Note that I now have a generic icon for the BrainYard Stories tab, whereas before I had a small image of the colored ball icon used in our logo next to the tab. Fixing this required adding a larger image (which previously only used to be used for content displayed as an "app" rather than as a tab).
For example, the screenshot below is from a custom tab I registered to display clips of my work. Note that the small scissors icon is set, but the larger one isn't--until now, it didn't need to be.
Now here is what that custom tab for displaying a list of headlines looked like, pre-Timeline:
Here is what it looked like after activating Timeline, before making any other changes:
Note that most of the wrap-around Facebook content is gone, leaving the app floating, centered in the middle of the page with a lot of white space all around. Facebook tabs used to be limited to a 520-pixel width, but now they can be displayed as wide as 810 pixels. Designers will probably welcome having more room for larger images and other custom content, but initially the transition could be awkward.

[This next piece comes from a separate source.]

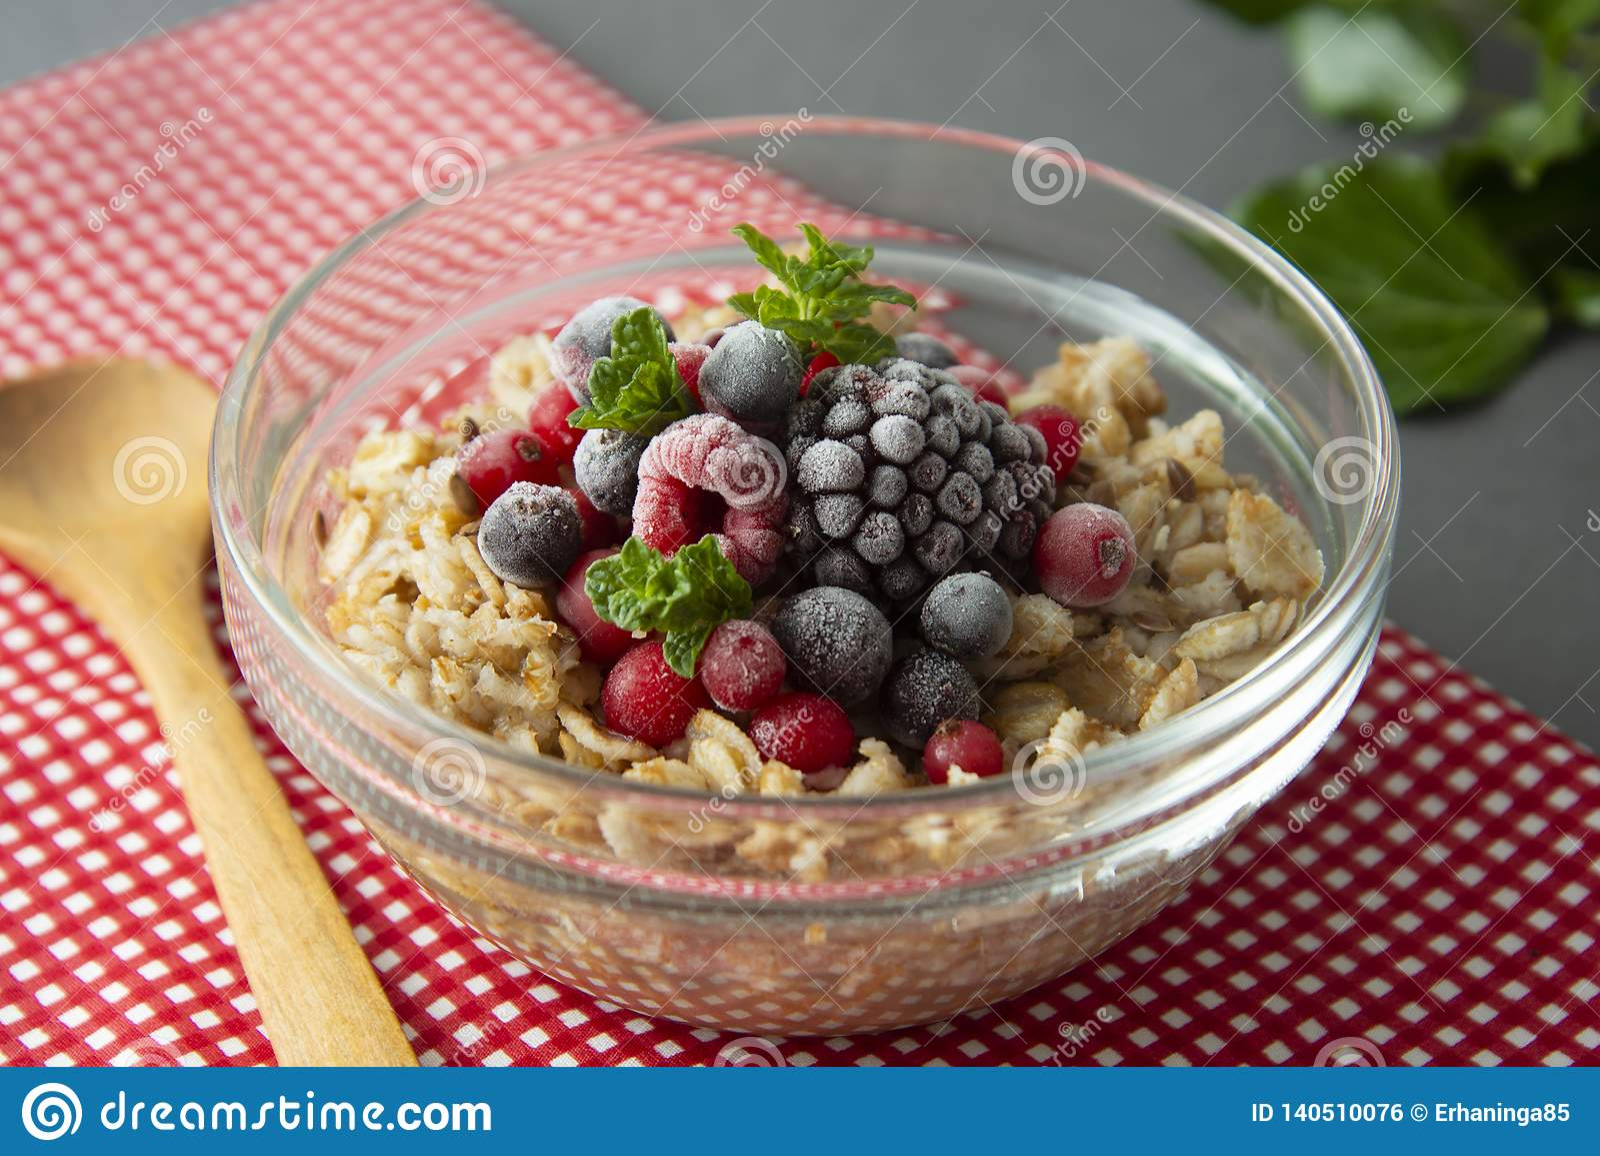 Healthy breakfast in a bowl with oatmeals, frozen berries, fresh strawberries, mint. Oat porridge with fruits

The technology Facebook uses to embed apps and page tabs is the HTML iframe, a technique for embedding one Web page inside another. Apps and page tabs are registered using a developer tool on the Facebook website, where the developer records the URLs of the Web pages that will be referenced. When a Facebook user navigates to a tab, the website generates an iframe to contain the content from that external application.
There is now a radio-button setting in the app registration tool that lets you toggle between the 520- and 810-pixel widths for the iframe. Initially, your tab will still be displayed within a 520-pixel wide iframe, with that frame centered on the page. Here is the same tab in the 810-pixel layout.
Here is how my initial redesign of this Facebook page came out, with the tab icon fixed and a cover image added.
This could still use some love from a professional designer, but it's workable for now.